The problem of pest resistance to pesticides (mode of action)
One of the goals of IPM is to get off the pesticide treadmill. What is the pesticide treadmill? New chemical modes of action are developed by chemical and agricultural industries. These new modes of action (or novel ways to kill the pests) are released to the market and massively adapted and used by farmers with the promise of maximum efficiency. However, this non-conscious way of use (and overuse) soon leads to the pest’s resistance to this particular mode of action. And let’s keep in mind that usually, there are multiple products-pesticides with the same mode of action that automatically become inefficient, giving rise to pest outbreaks and large economic losses.
As time passes, if these compounds are overused, you also start to collect more scientific evidence of ecological and health facts. So you have a simultaneous phenomenon like your scissors where the compounds become less economical. There’s more evidence of the negative environmental and health effects. Older compounds are replaced by newer compounds, and we have gone into this treadmill of a repeated cycle of a new compound with heavy reliance and then problems both economic and environmental and health and in a move to a new thing.
IPM also focuses on the costs and benefits and that trade-off. Interestingly the costs and benefits do not refer only to private profits for the farmer. Still, there are also significant impacts on society and the environment, which have real economic and social values even if they are not reflected in market prices.

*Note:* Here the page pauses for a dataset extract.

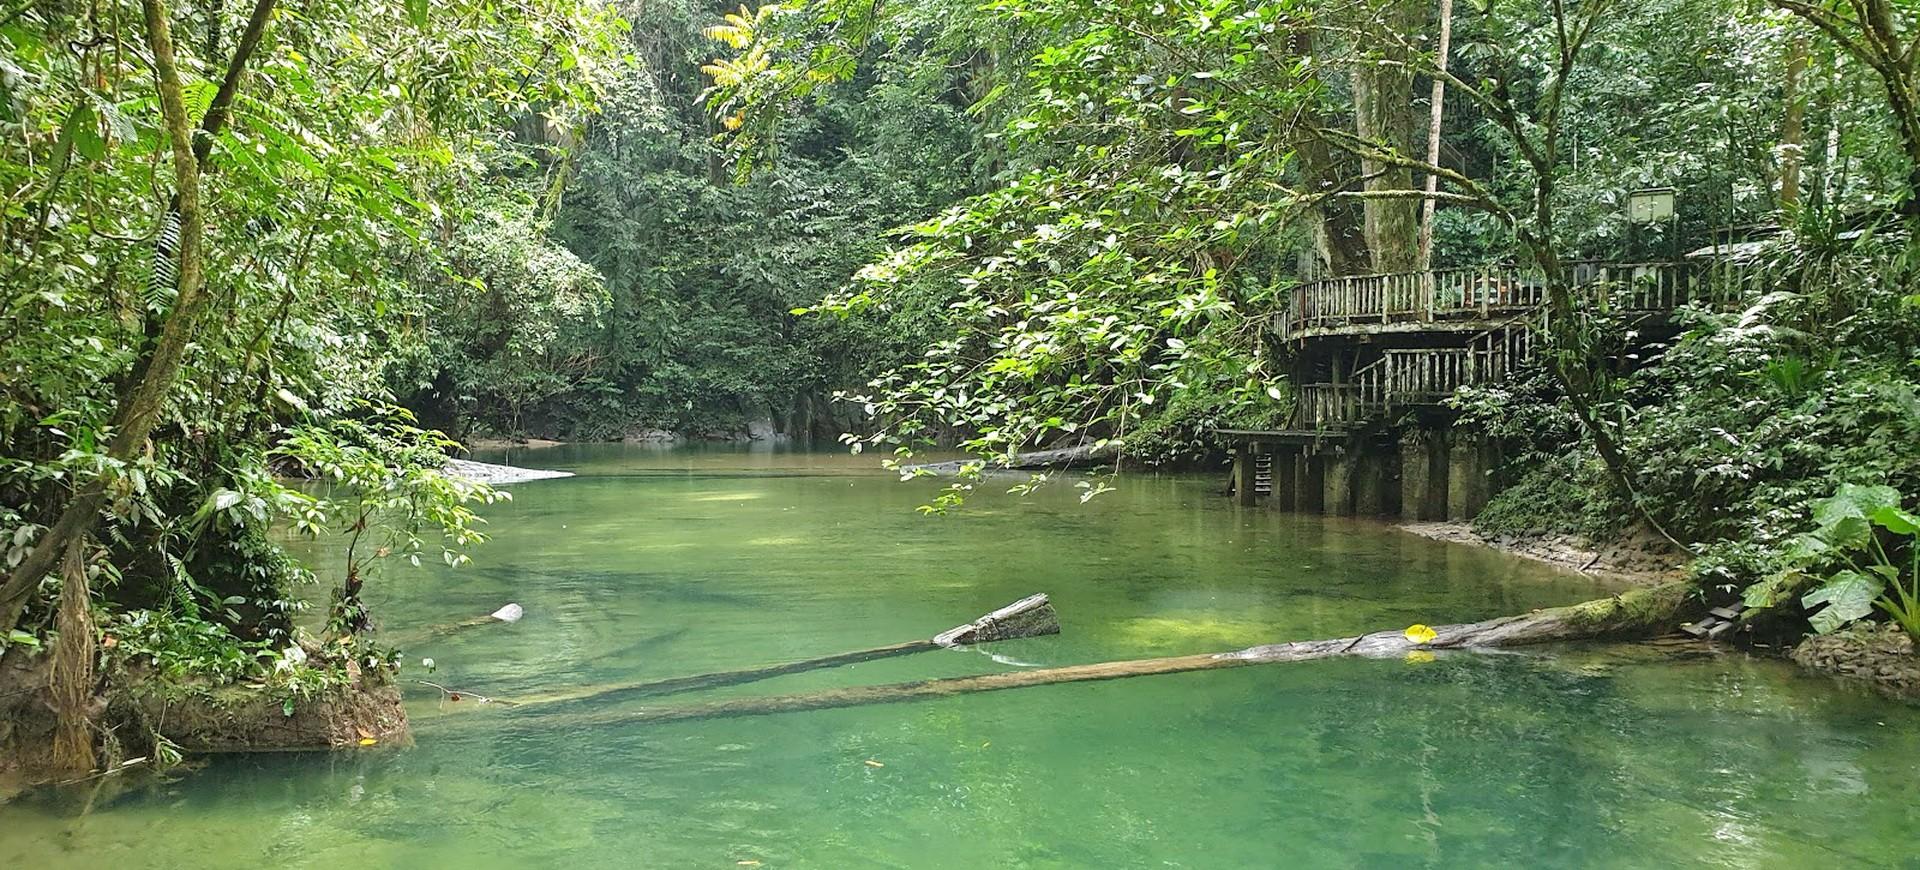 Malaisie Parc National du Gunung Mulu

Berries of adapting IPM on a large scale
● Short-run / Long-run trade-offs
A critical barrier to convincing many farmers to adopt IPM practices is that there is a trade-off in terms of short-run and long-run payoffs. There is the cost in the short run and benefits in the longer run. Adopting any new practice indeed entails costs. Producers have to apply practices that give rise to immediate and, in some cases, significant costs, while the benefit of these practices often take a few years to accrue and are less certain. As a result, the growers are weighing certain costs against future benefits. A specific barrier of IPM is that it is more information- and time-intensive than the conventional reliance on pesticides. However, the cost of acquiring and managing complex environmental and agronomic information has been falling over time. The types of technologies we have now to monitor fields, the populations of pests, beneficial insects, and other natural enemies are much greater, with higher accuracy (geographical information systems), and more and more economical, making the adoption more complex systems simpler.
We speak briefly about Arizona’s experience applying IPM to whitefly. Whitefly is invasive in the western United States, creating huge yield problems in Arizona and California cotton crops. Arizona farmers responded by overusing synergized pyrethroids leading to very severe resistance problems. So in 1995, at the pick of the problem, the cost of insecticide applications and plus the loss of revenues from yield losses averaged about $600 per hectare. Whiteflies not only reduced yield, but they also reduced the quality of the cotton, making it sticky and, as a result, harder to turn it into textiles. This quality loss resulted in lowering the commercial value of the product. This lasted for several years, even after the pest problem got under control and reduced farmers’ gross revenues by 5 to 8%, which is quite significant, especially for this crop.
As you can see from the graph below that the economic losses from the combination of pest resistance and pest activity reached $100 million in 1995. 
In 1996 narrow-spectrum insect growth regulators (IGRs) were introduced along with an aggressive IPM management program. It came to the rescue providing enormous economic and environmental benefits to the State. This program also had resistance management to maintain the efficacy of the insect growth regulators, but continued monitoring is still needed.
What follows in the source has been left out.